### Problem to solve
Each line of the data below between the one containing "Silk Printed City" and the one containing "VARTA BLUE dynamic", both included, is to be repeated exactly. Please omit pictures.

------ Working data

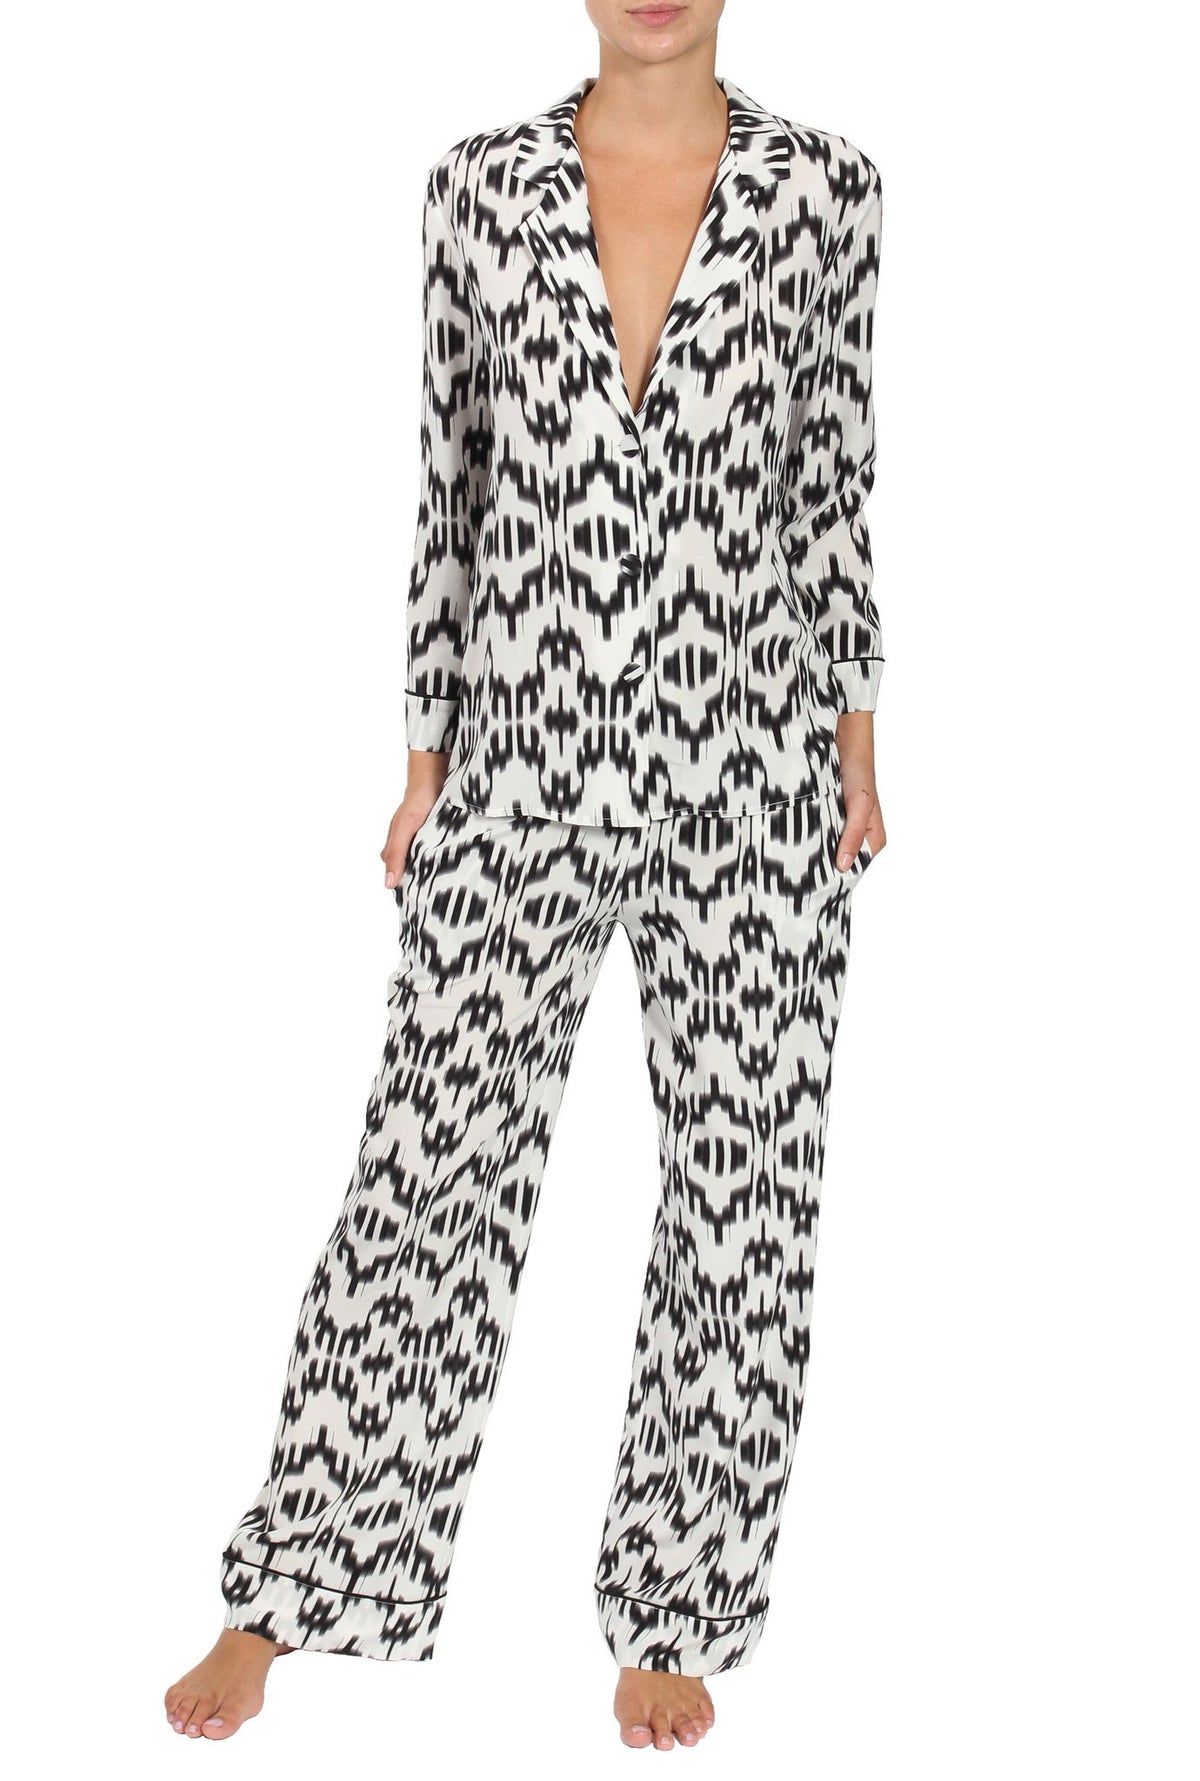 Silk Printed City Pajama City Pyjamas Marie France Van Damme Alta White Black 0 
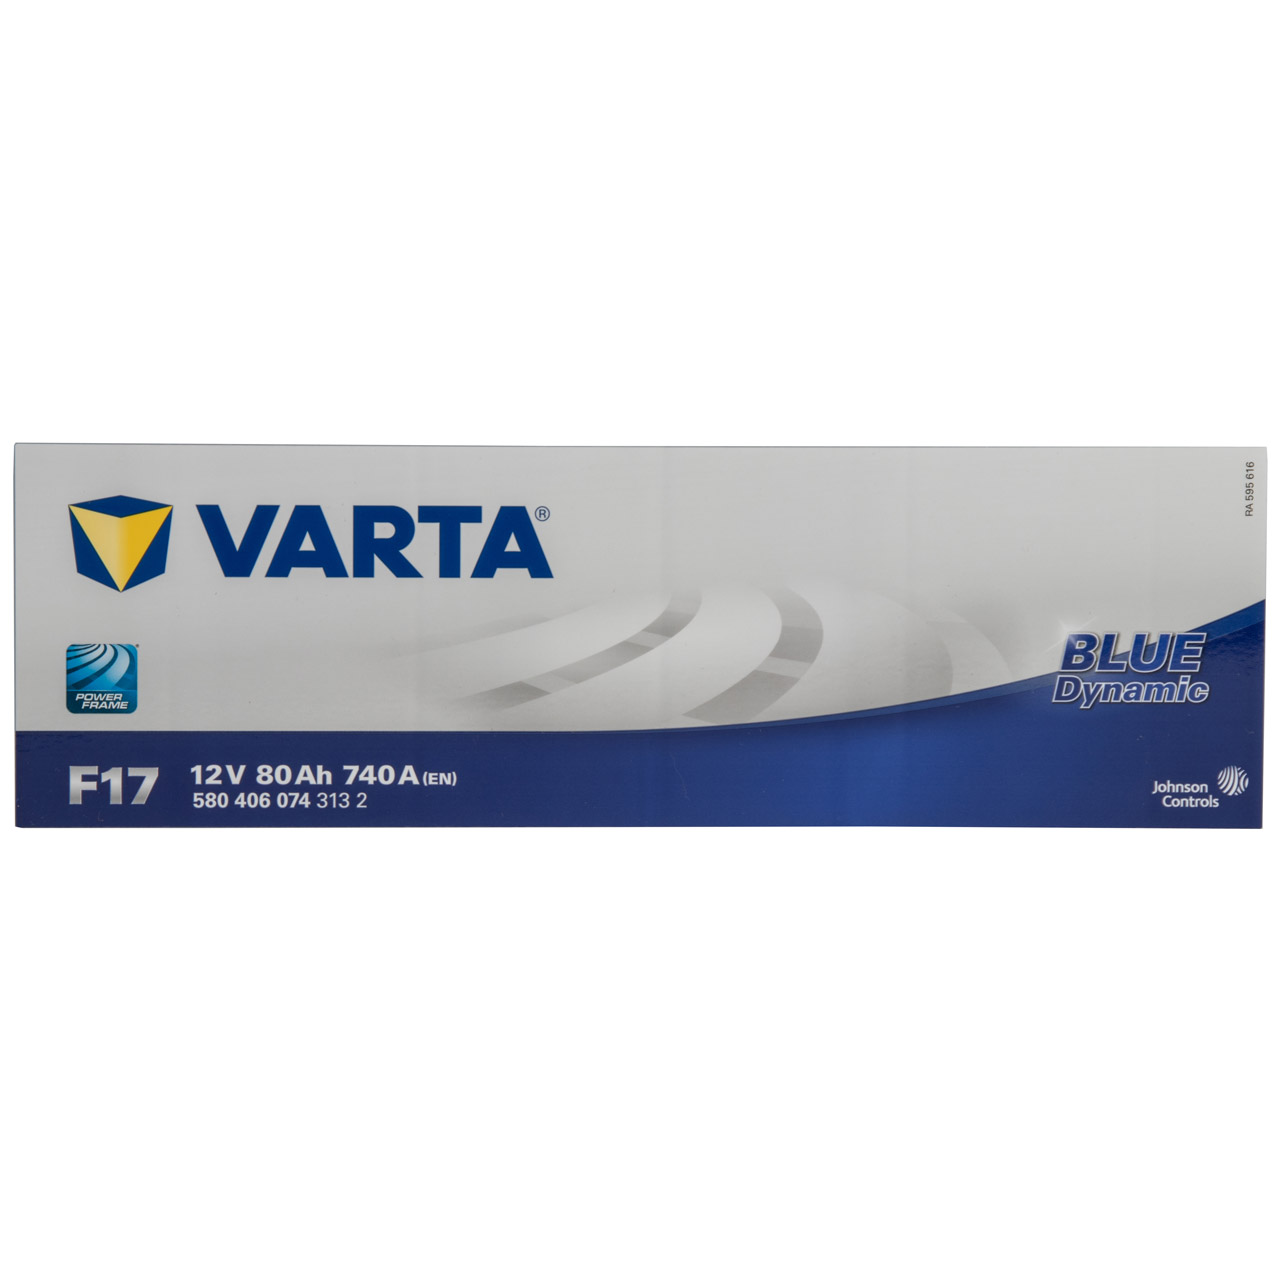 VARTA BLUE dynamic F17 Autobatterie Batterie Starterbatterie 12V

------------
------ Working data

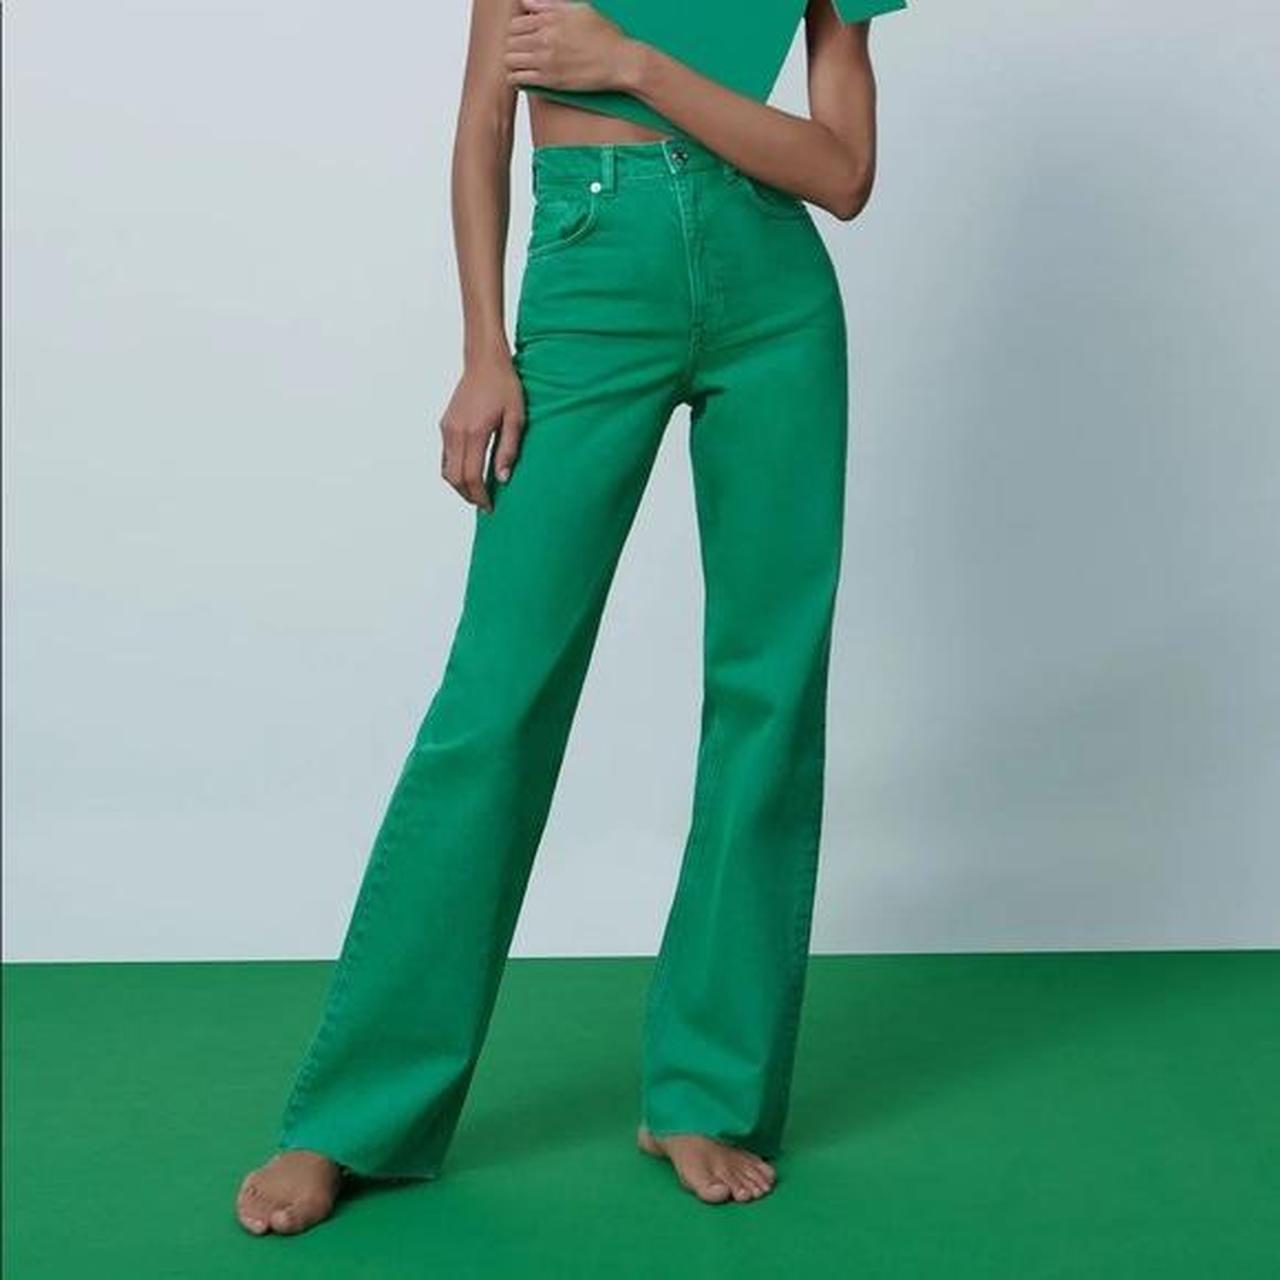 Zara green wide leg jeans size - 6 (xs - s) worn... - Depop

------------

### Output for this task
 Silk Printed City Pajama City Pyjamas Marie France Van Damme Alta White Black 0 
 VARTA BLUE dynamic F17 Autobatterie Batterie Starterbatterie 12V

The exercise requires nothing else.